▶ _What the exercise asks_: Under this line are the records; write out word for word the part that begins at the line containing "18K White Gold" and ends at the line containing "daytoremember.net | Blue", and no more.

▶ _Given data_:
-- Opening Marker --
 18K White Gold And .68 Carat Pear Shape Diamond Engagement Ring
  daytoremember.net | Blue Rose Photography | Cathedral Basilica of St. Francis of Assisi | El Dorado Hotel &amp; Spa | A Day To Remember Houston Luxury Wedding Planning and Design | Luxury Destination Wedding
-- Closing Marker --
-- Opening Marker --
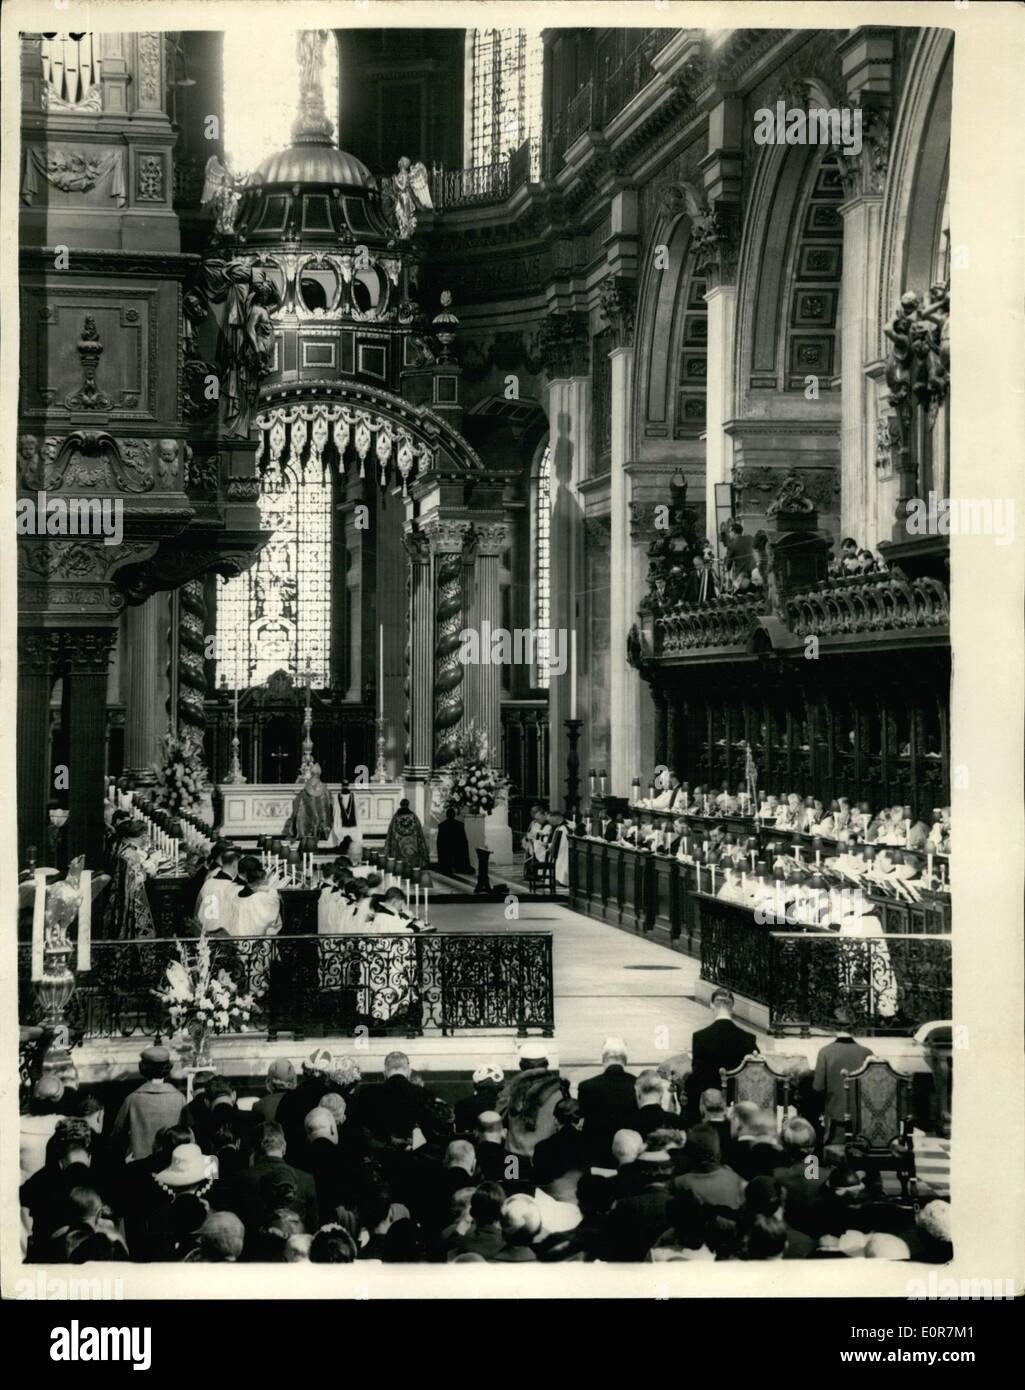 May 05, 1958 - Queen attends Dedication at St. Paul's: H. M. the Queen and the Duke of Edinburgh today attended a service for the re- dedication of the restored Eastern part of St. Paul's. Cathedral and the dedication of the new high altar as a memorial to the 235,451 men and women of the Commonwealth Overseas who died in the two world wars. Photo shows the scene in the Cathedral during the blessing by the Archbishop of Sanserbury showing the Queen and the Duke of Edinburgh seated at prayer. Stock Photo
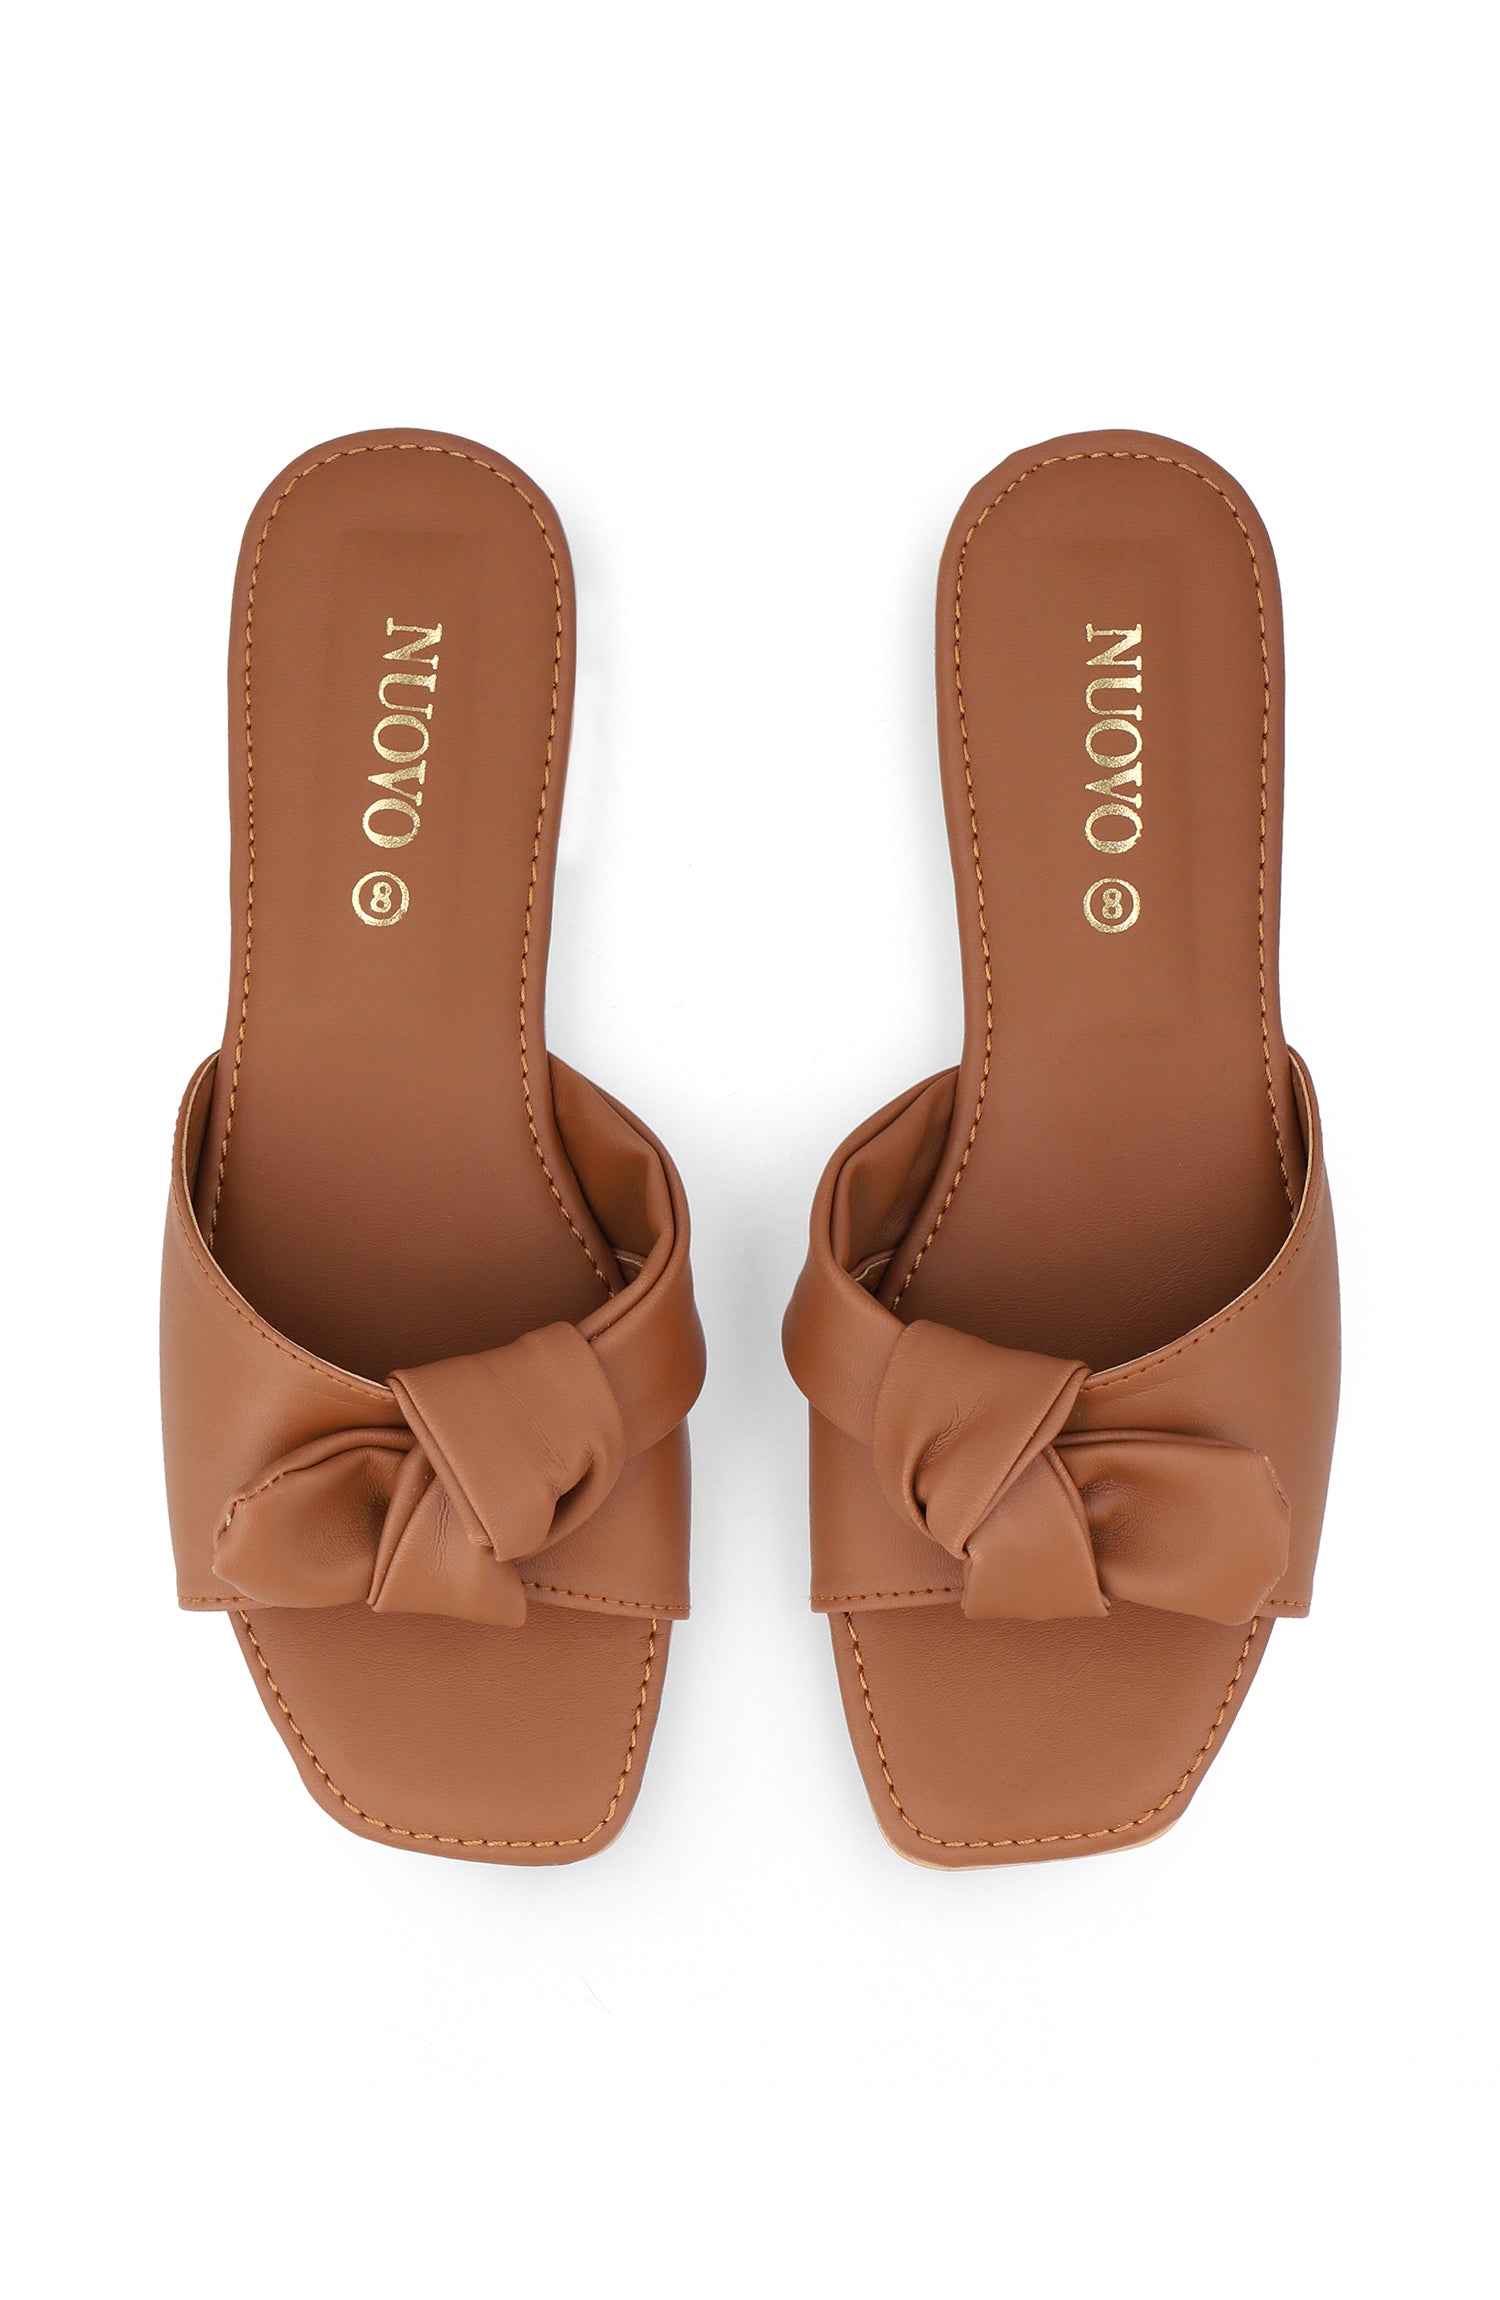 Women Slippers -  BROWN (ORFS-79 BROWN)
-- Closing Marker --
-- Opening Marker --
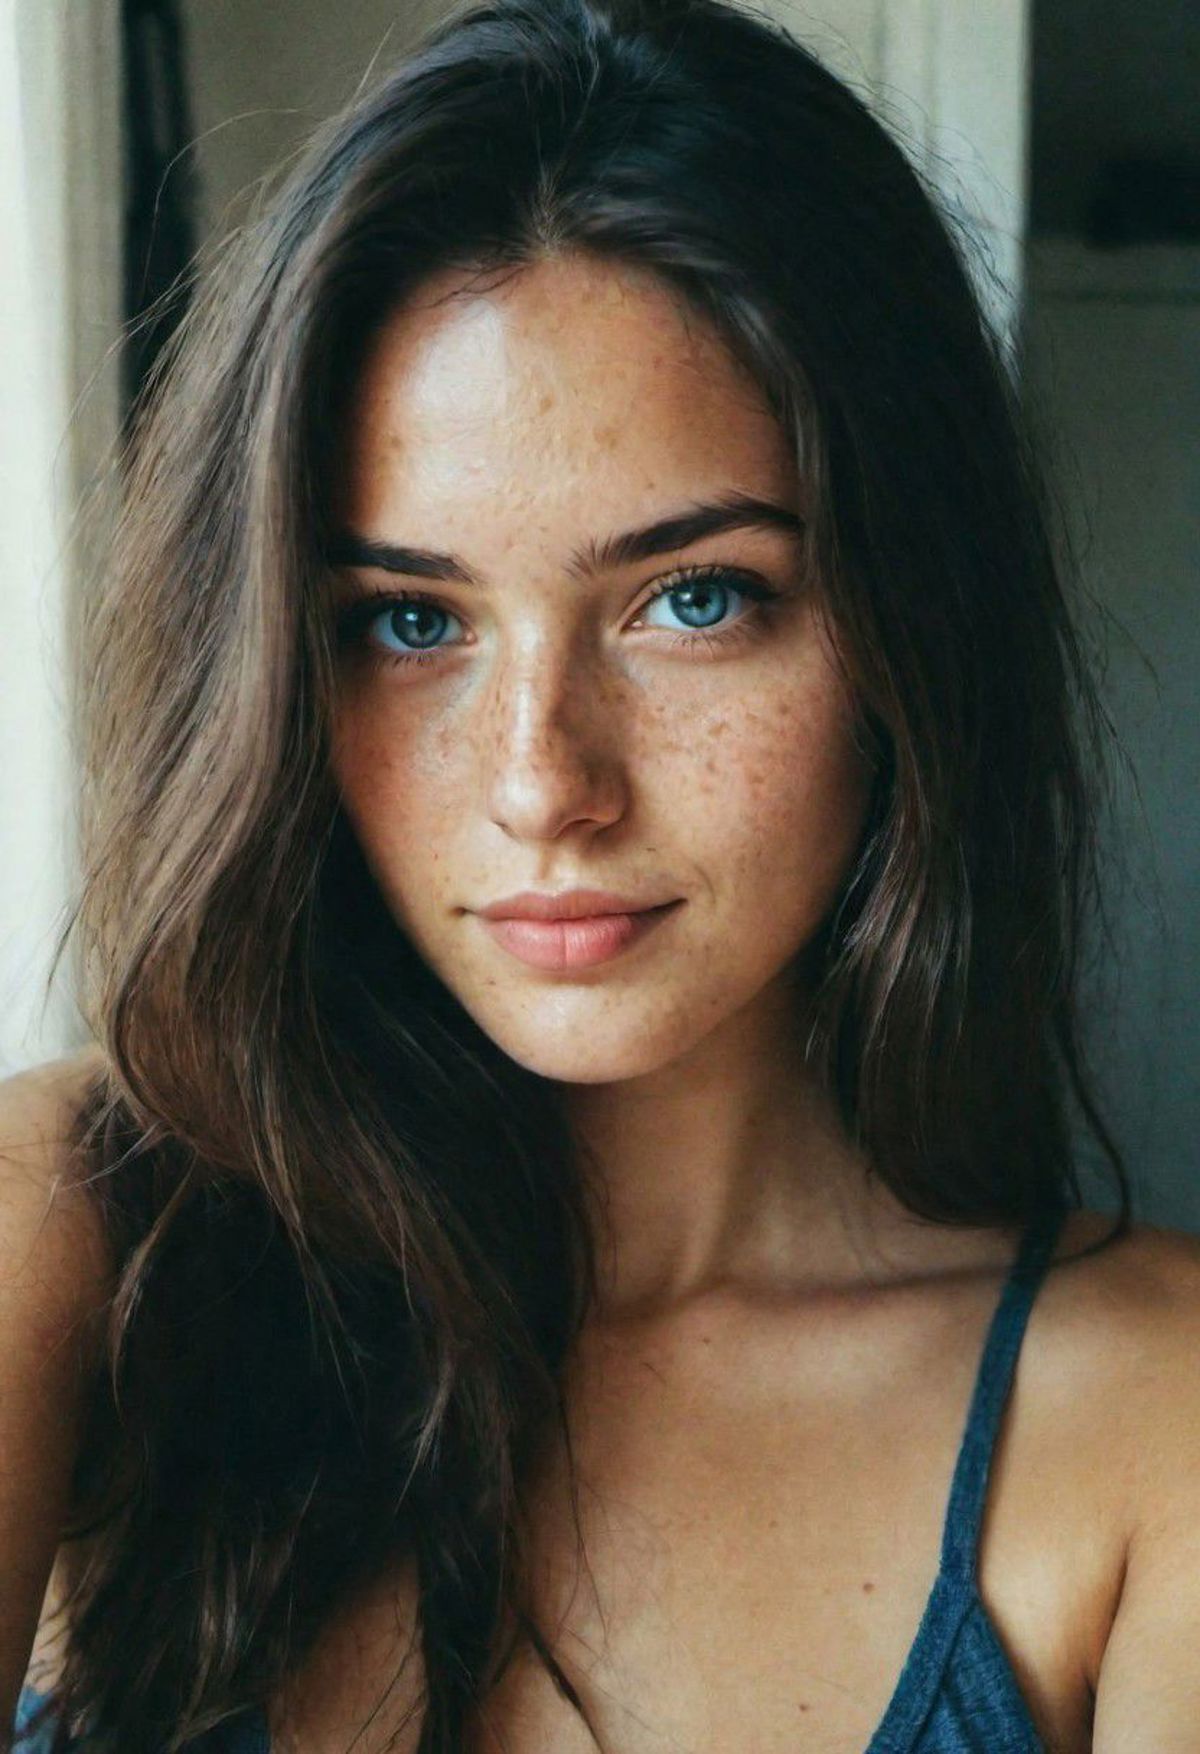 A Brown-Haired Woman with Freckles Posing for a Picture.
-- Closing Marker --
▶ _Exercise solution_:
 18K White Gold And .68 Carat Pear Shape Diamond Engagement Ring
  daytoremember.net | Blue Rose Photography | Cathedral Basilica of St. Francis of Assisi | El Dorado Hotel &amp; Spa | A Day To Remember Houston Luxury Wedding Planning and Design | Luxury Destination Wedding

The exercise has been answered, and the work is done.